━━━ Dataset records ━━━

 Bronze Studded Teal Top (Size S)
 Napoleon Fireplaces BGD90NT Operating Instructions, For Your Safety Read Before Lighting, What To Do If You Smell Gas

━━━
━━━ Dataset records ━━━

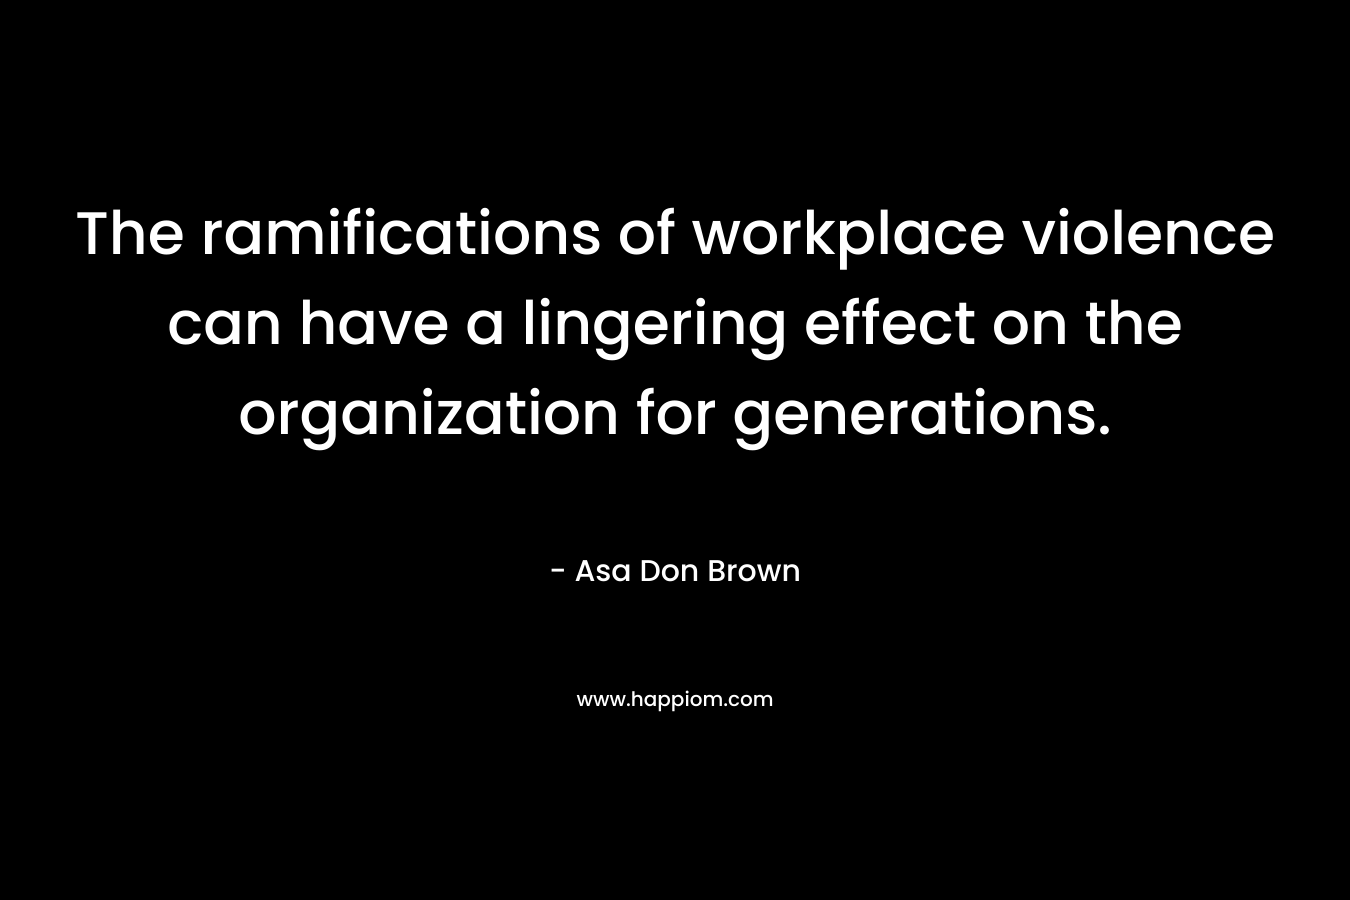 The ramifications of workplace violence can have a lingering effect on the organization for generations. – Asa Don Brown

━━━

Exercise requirements> Reproduce exactly the lines of the records above from the one with "Bronze Studded Teal Top (Size S)" to the one with "Napoleon Fireplaces BGD90NT", both included, and leave out everything else.

Problem solution>
 Bronze Studded Teal Top (Size S)
 Napoleon Fireplaces BGD90NT Operating Instructions, For Your Safety Read Before Lighting, What To Do If You Smell Gas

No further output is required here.